The publications serve as a space for reflection on the project and as a field guide of approaches drawn by artists, curators, and on-the-ground cultural and community organizers towards possible emancipatory futures centered on racial, healing, reparative, disability, and climate justice.
The project considered disability, race, and access together in ways prescient to the conversations that emerged out of the synchronous COVID-19 pandemic and uprisings against anti-Black racism in the US and beyond. The publications will address in depth the overlaps and tensions between these different sites of struggle and will significantly contribute to emergent discourse in this area; discourse that preceded the pandemic and will continue after it. They come at a key moment in global thinking on health and its relation to racism and climate breakdown, amidst a reckoning with institutions of all kinds on their roots in carceral, colonial, racist, and patriarchal systems. It demonstrates firmly the importance of the arts as a site where ideas, practices, and tools for the complex challenges of the present are being developed.
The project is highly interdisciplinary and intersectional. In addition to drawing on US healing and disabilty justice frameworks, queer/post-colonial theorist Jasbir Puar’s articulation of how certain racialized populations are pre-ordained for injury and targeted maiming, while disability identity is simultaneously seen as a site of creative embodiment and resistance in the Global North is an important reference that connects the local focus of the project to transnational concerns.
A unique contribution that these publications will make is to address the limits of universal ideas of open access. Instead they offer practices rooted in the depth and complexity of doing access with multiple different sets of lived experiences at the center that may not necessarily engage in dominant Western accessibility discourses. They weight accessibility practices that are rooted in partiality, mutability, and identity-based separatism.
Interdisciplinary in nature, rooted in creative community work, and speaking to and bridging different communities of knowledge and practice, they will think through the importance of non-universal processes for addressing different oppressions and needs, and also the necessity of practices of solidarity between different groups and their processes of care, mutual support, and access.
As with the rest of the project to date, the intended readership of these publications extends beyond contemporary art audiences.
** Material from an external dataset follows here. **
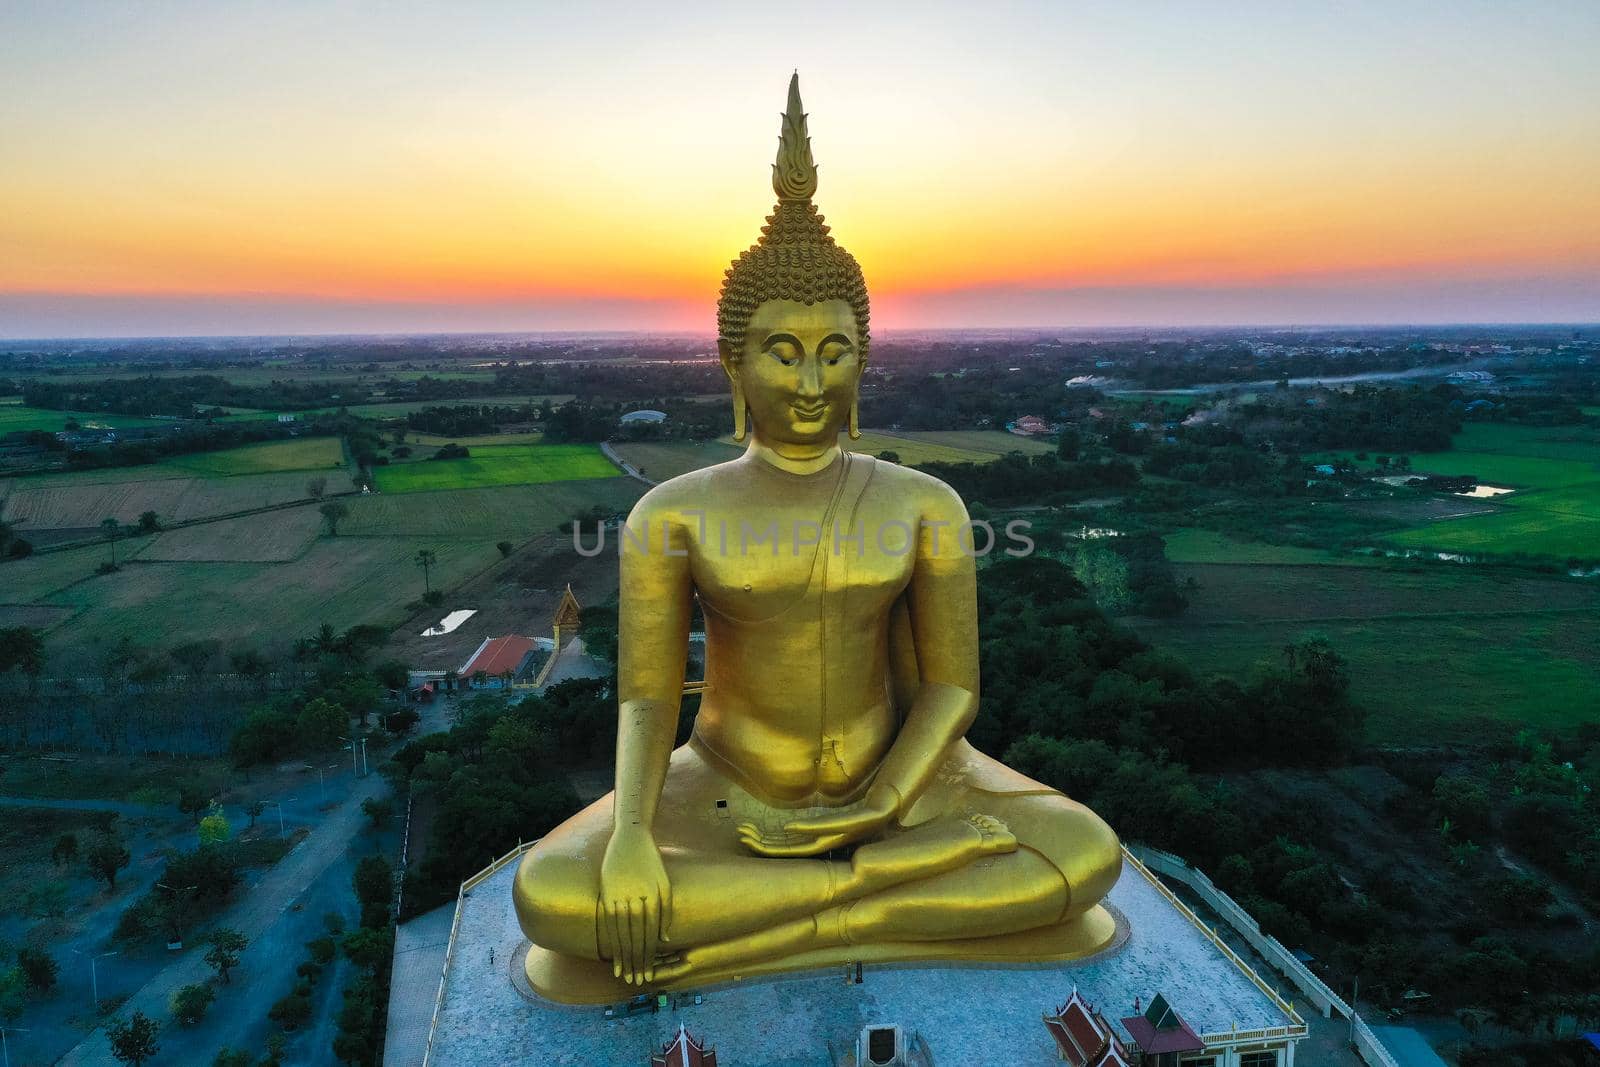 Big Buddha during sunset at Wat Muang in Ang Thong, Thailand, south east asia

It connects praxis-based knowledge rooted in the arts with that rooted in grassroots organizing. These publications will be of interest and use to arts workers who want to learn about accessibility, artists who have to advocate for their own access needs and those of their communities when working with institutions, and anyone who is interested in the affinities and tensions between struggles for disability justice and healing racialized trauma.
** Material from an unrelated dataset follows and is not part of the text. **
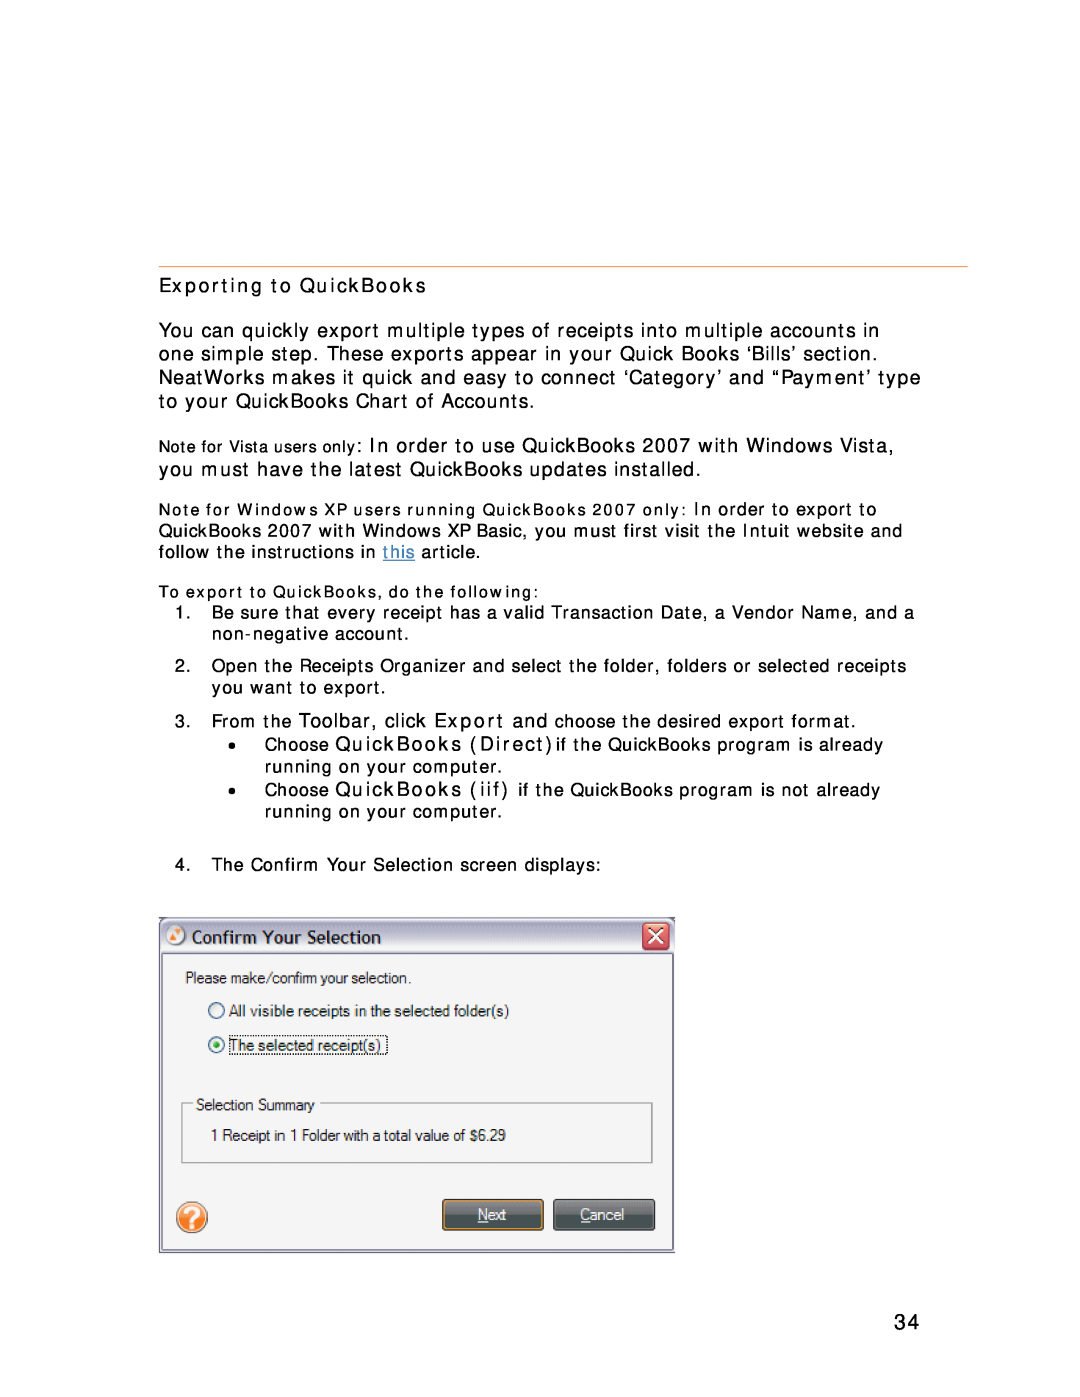 Univex NeatReceipts, NeatScan, NeatDesk manual Exporting to QuickBooks

The printed and digital forms of the publication will center accessibility in the design process. The choice to work in both print and digital recognizes the immense problems of energy use and digital exclusion in online-only projects, but also the complexity of economic access to printed matter.
Commissioning is underway in stages depending on confirmed funding. Table of contents and working list of contributors to come here after more confirmations.